→ **MATERIAL FOR THE TASK**:
[Start of Attachment]

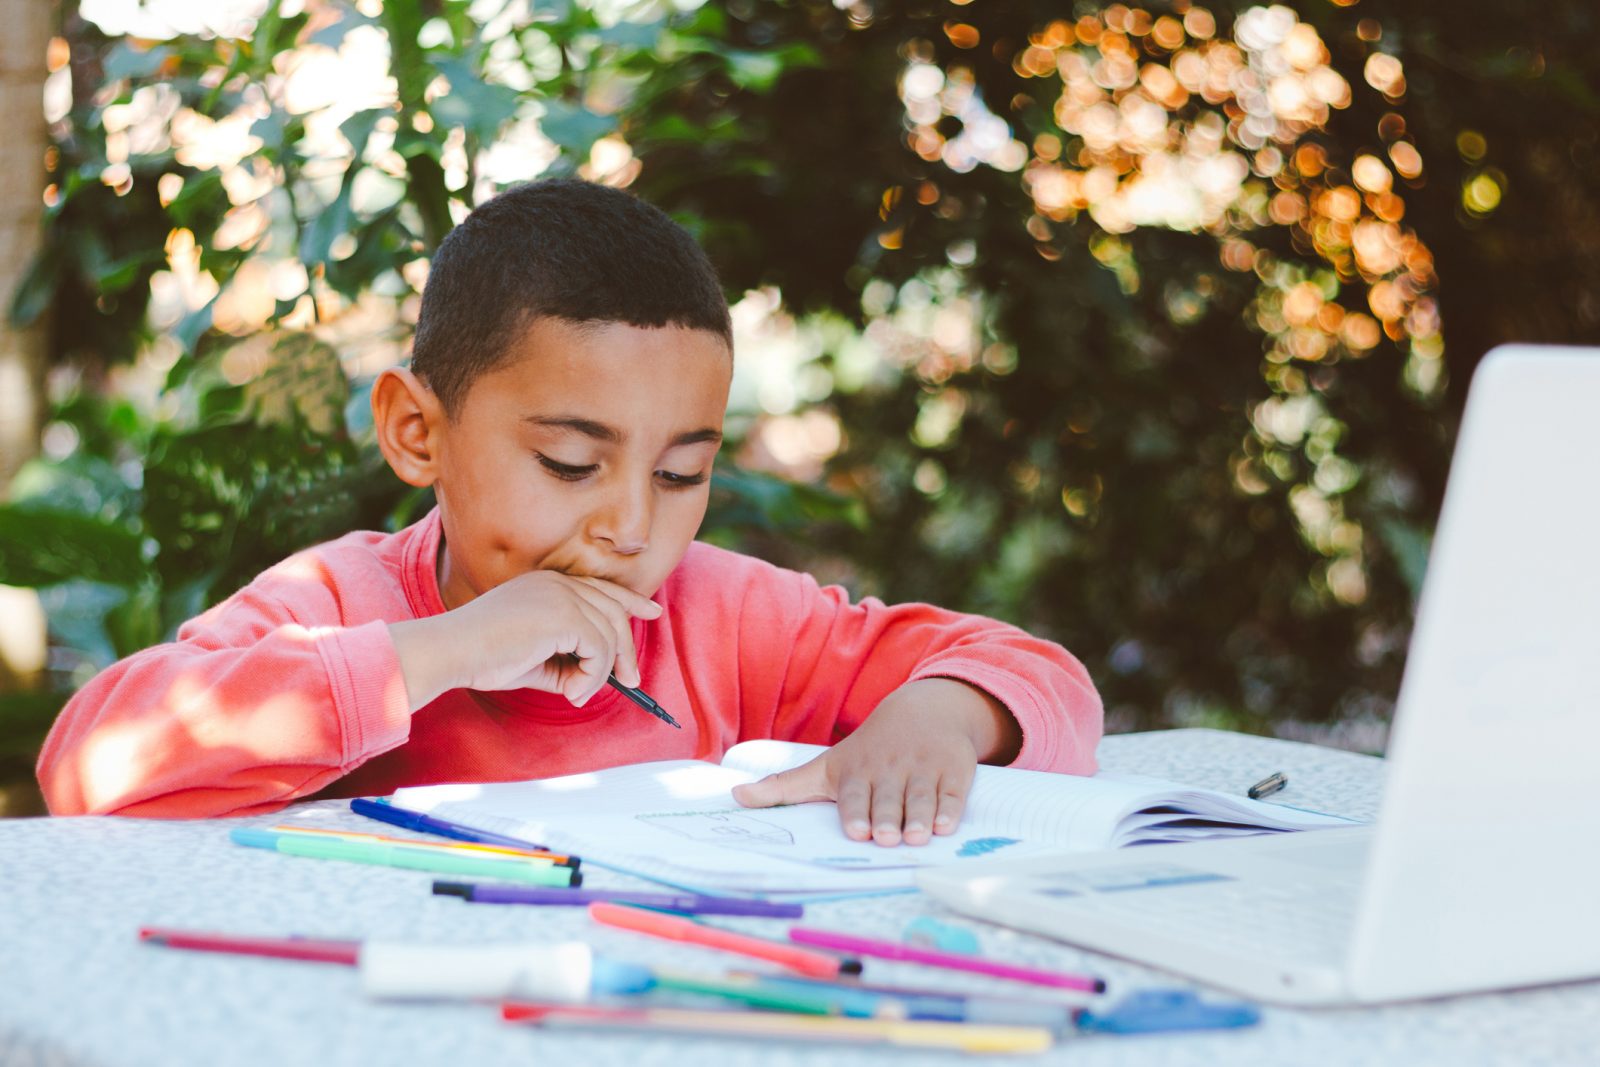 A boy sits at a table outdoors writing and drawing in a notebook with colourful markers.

[End of Attachment]
[Start of Attachment]

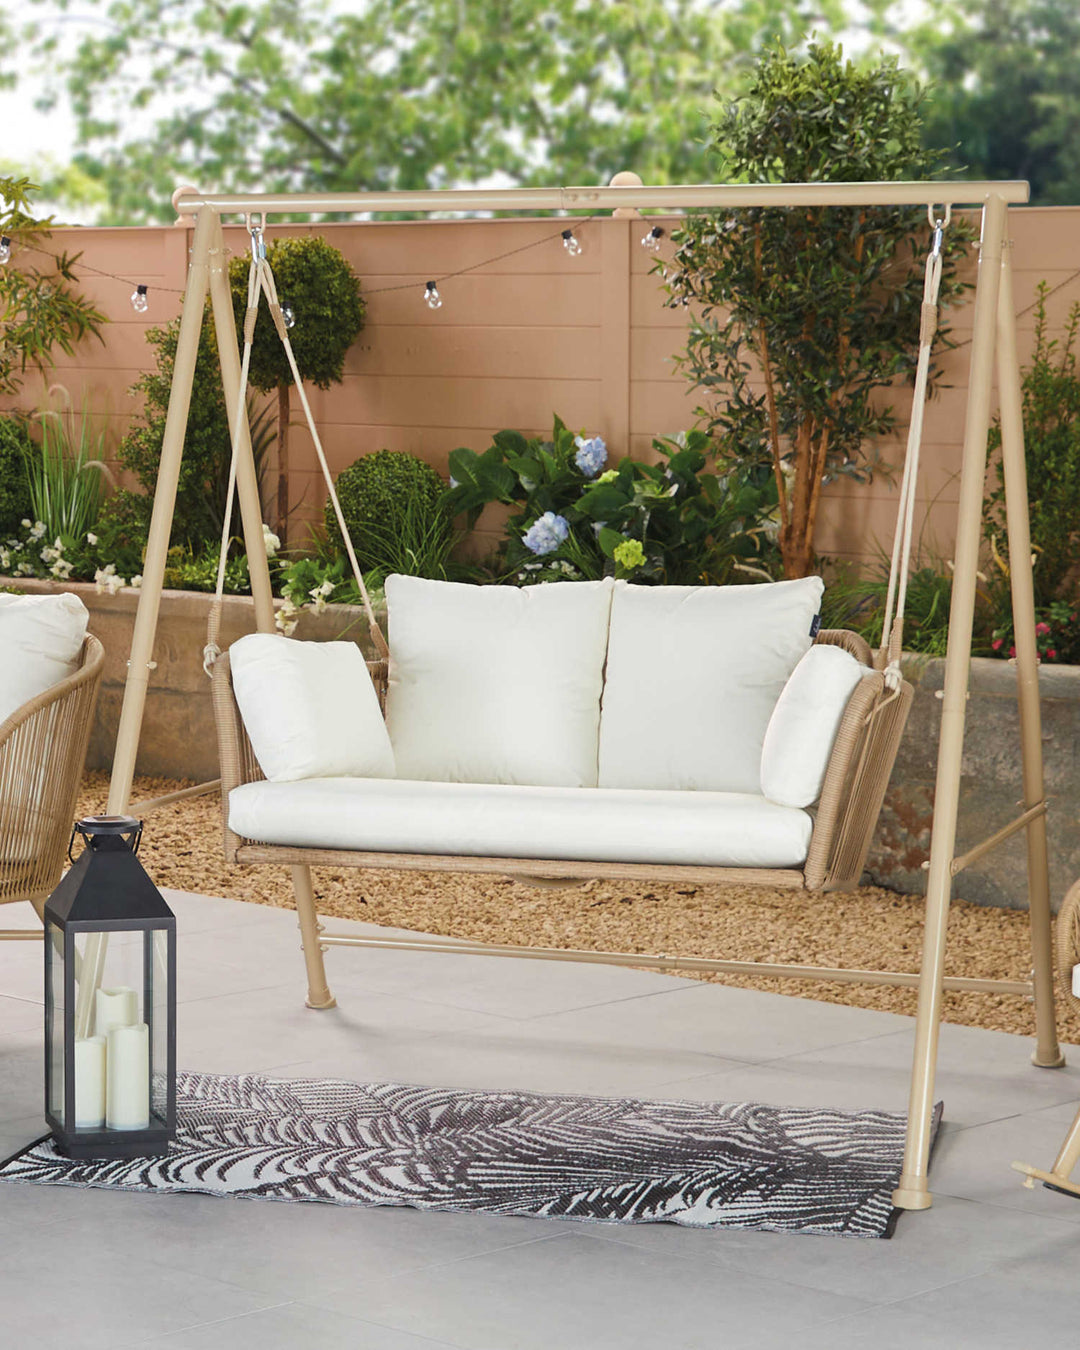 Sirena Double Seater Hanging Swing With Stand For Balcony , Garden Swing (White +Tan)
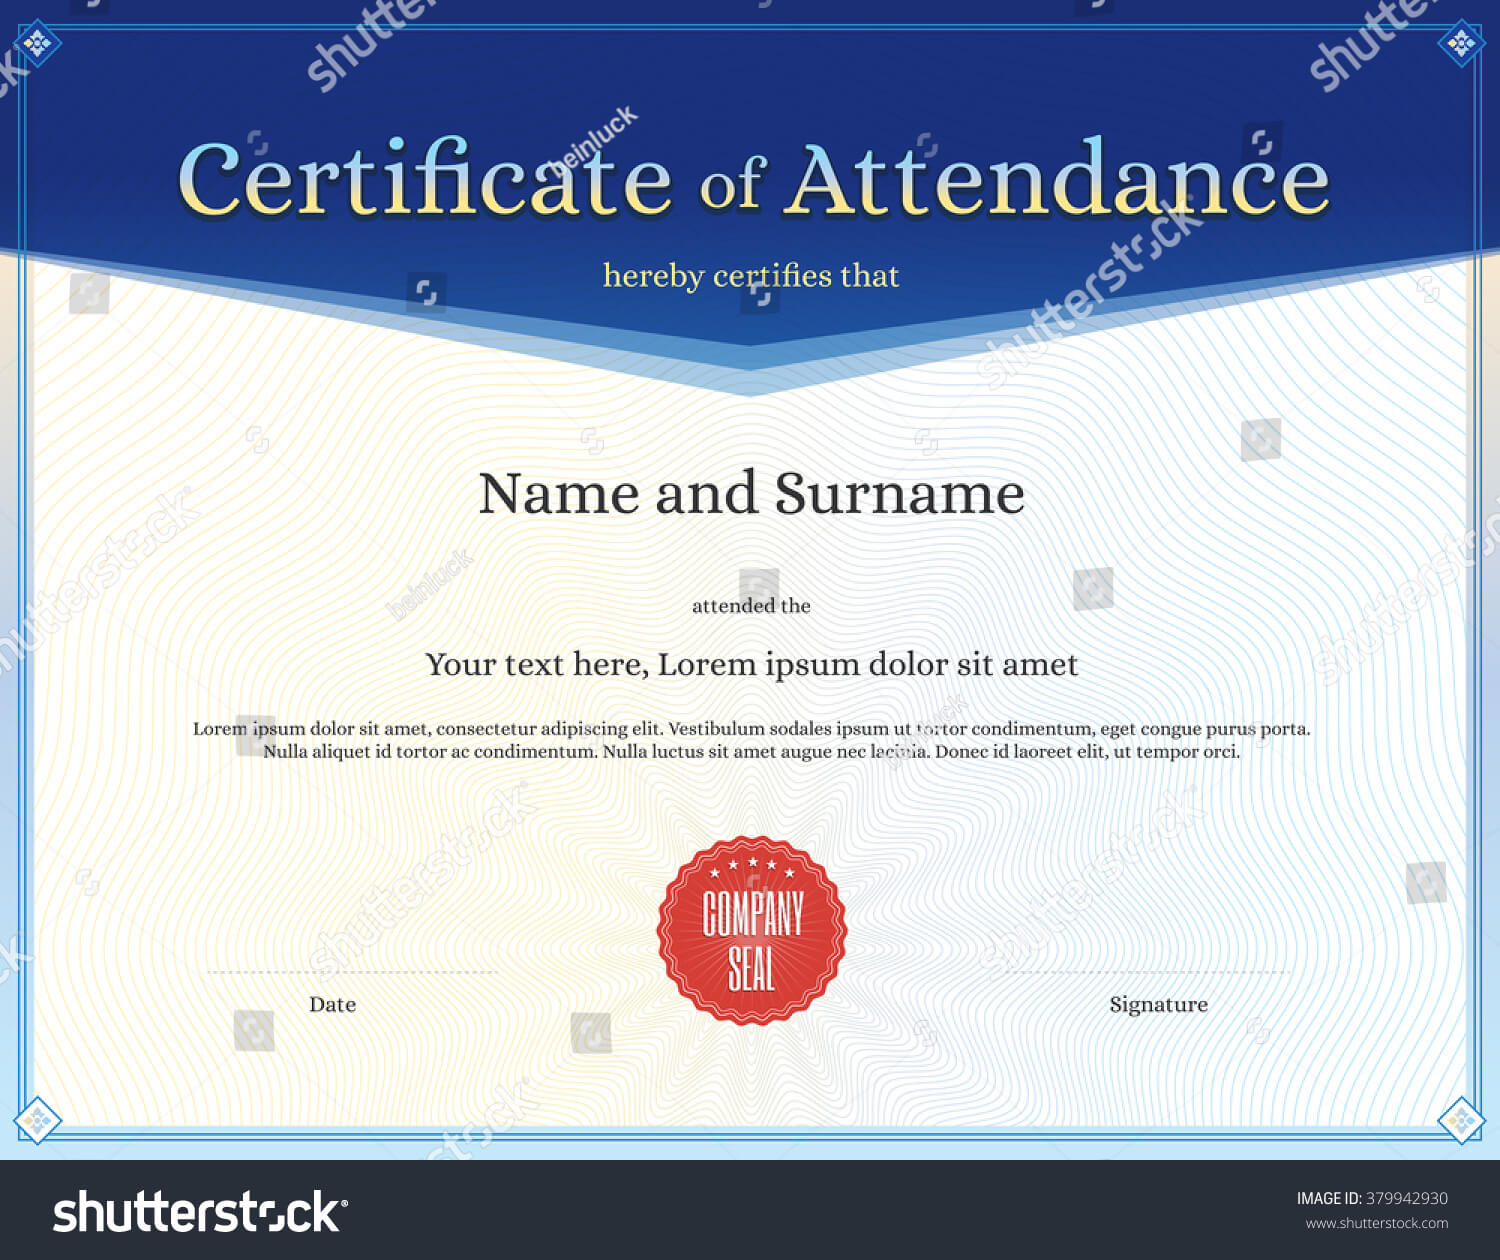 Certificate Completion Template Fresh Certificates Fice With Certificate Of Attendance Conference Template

[End of Attachment]
[Start of Attachment]

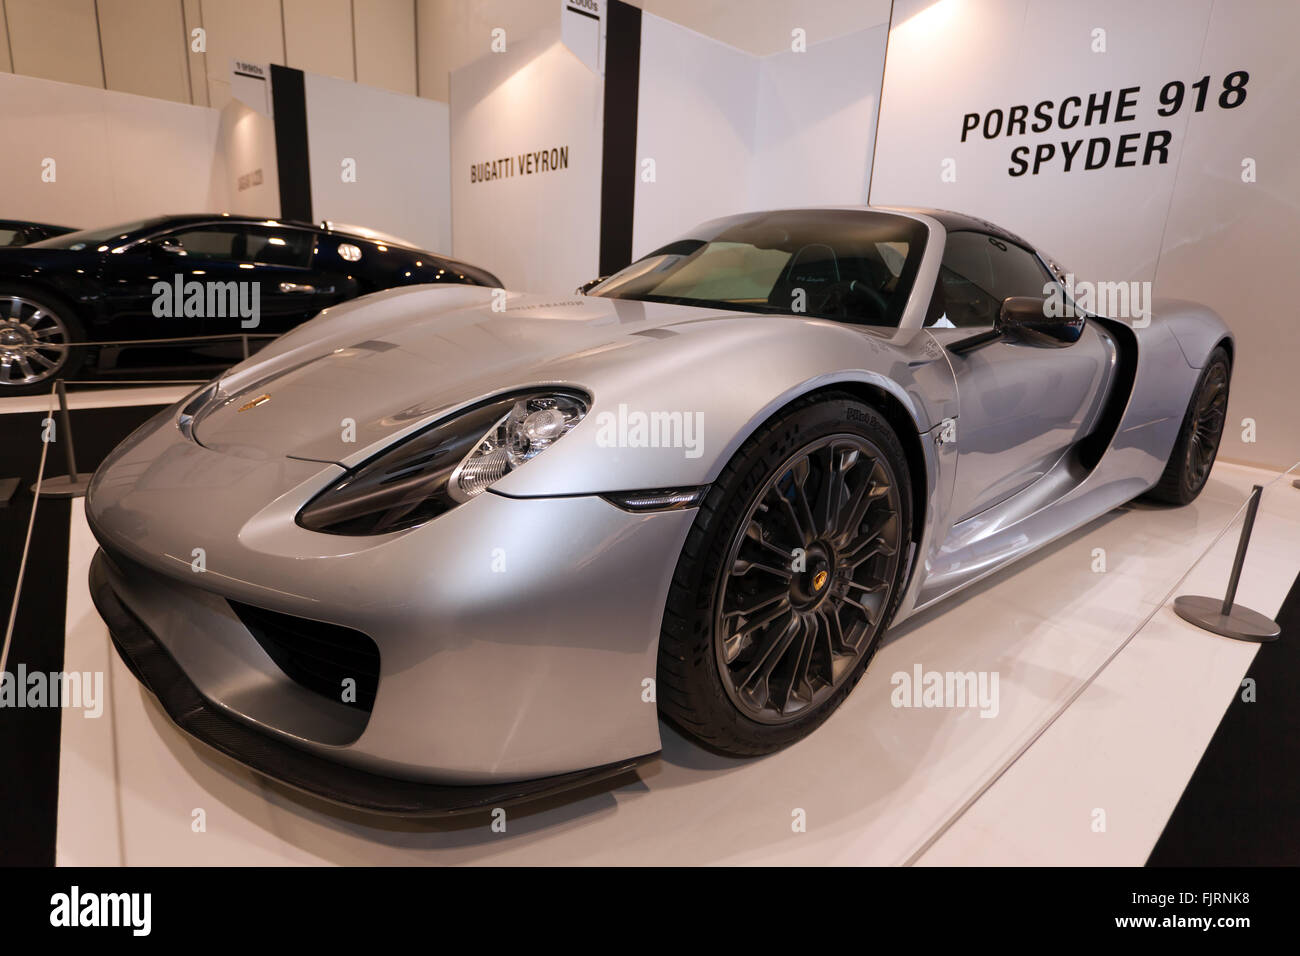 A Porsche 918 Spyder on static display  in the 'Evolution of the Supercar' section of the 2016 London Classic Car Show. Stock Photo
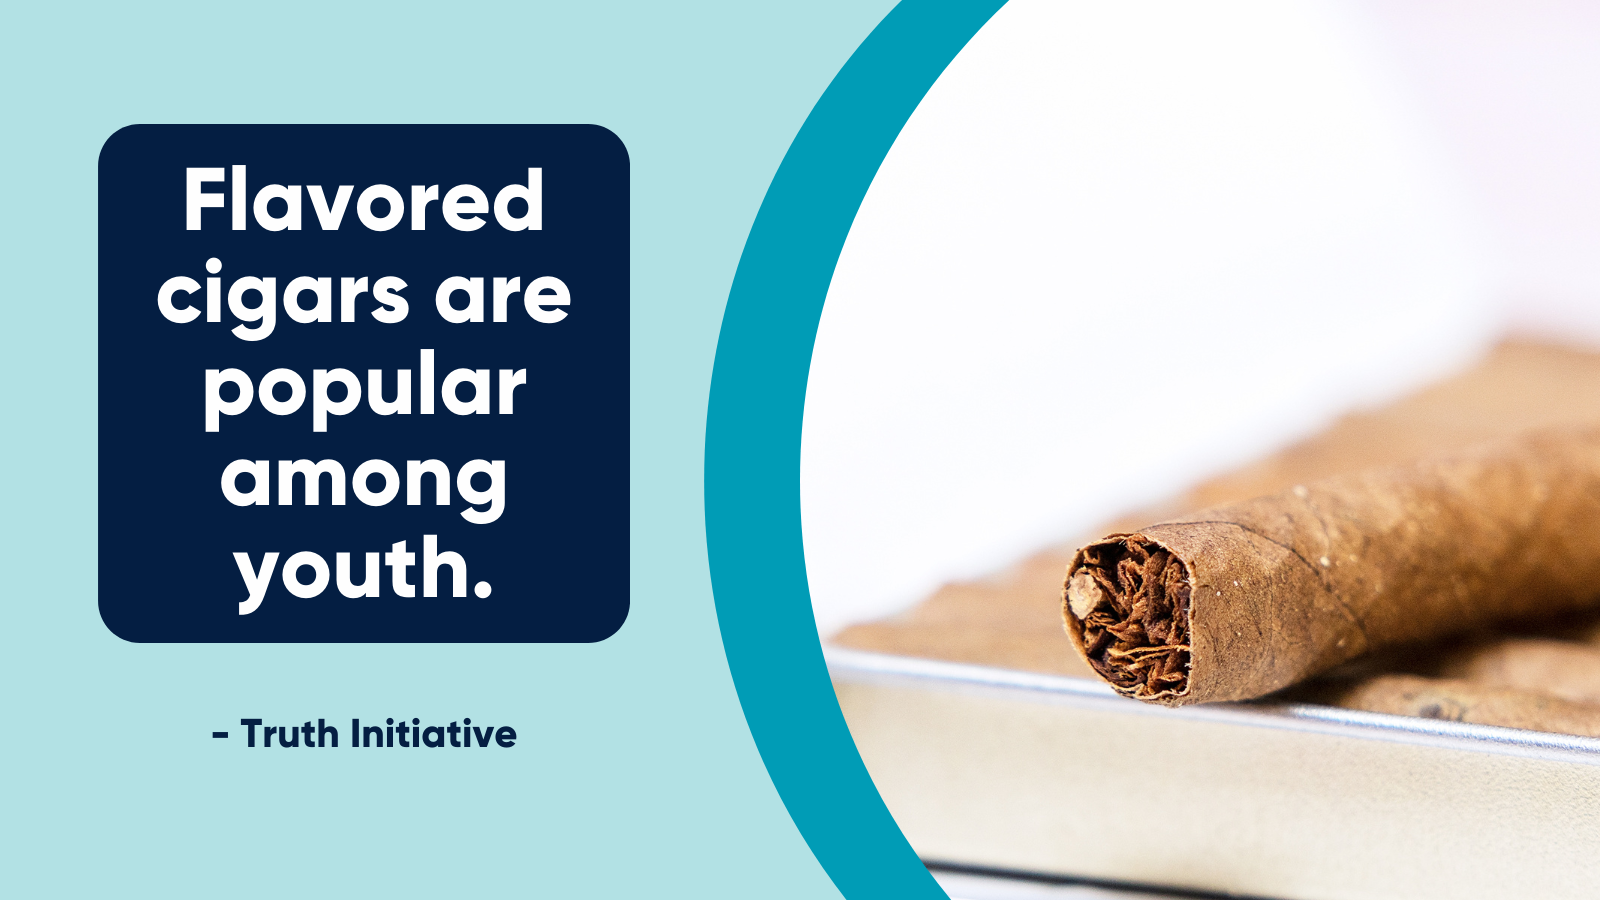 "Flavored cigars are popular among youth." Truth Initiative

[End of Attachment]

→ **ACTION ITEM**: Pictures aside, print exactly the lines above starting with the one containing "Sirena Double Seater" and going on through the one containing "Certificate Completion Template".

→ **YOUR RESPONSE**:
 Sirena Double Seater Hanging Swing With Stand For Balcony , Garden Swing (White +Tan)
 Certificate Completion Template Fresh Certificates Fice With Certificate Of Attendance Conference Template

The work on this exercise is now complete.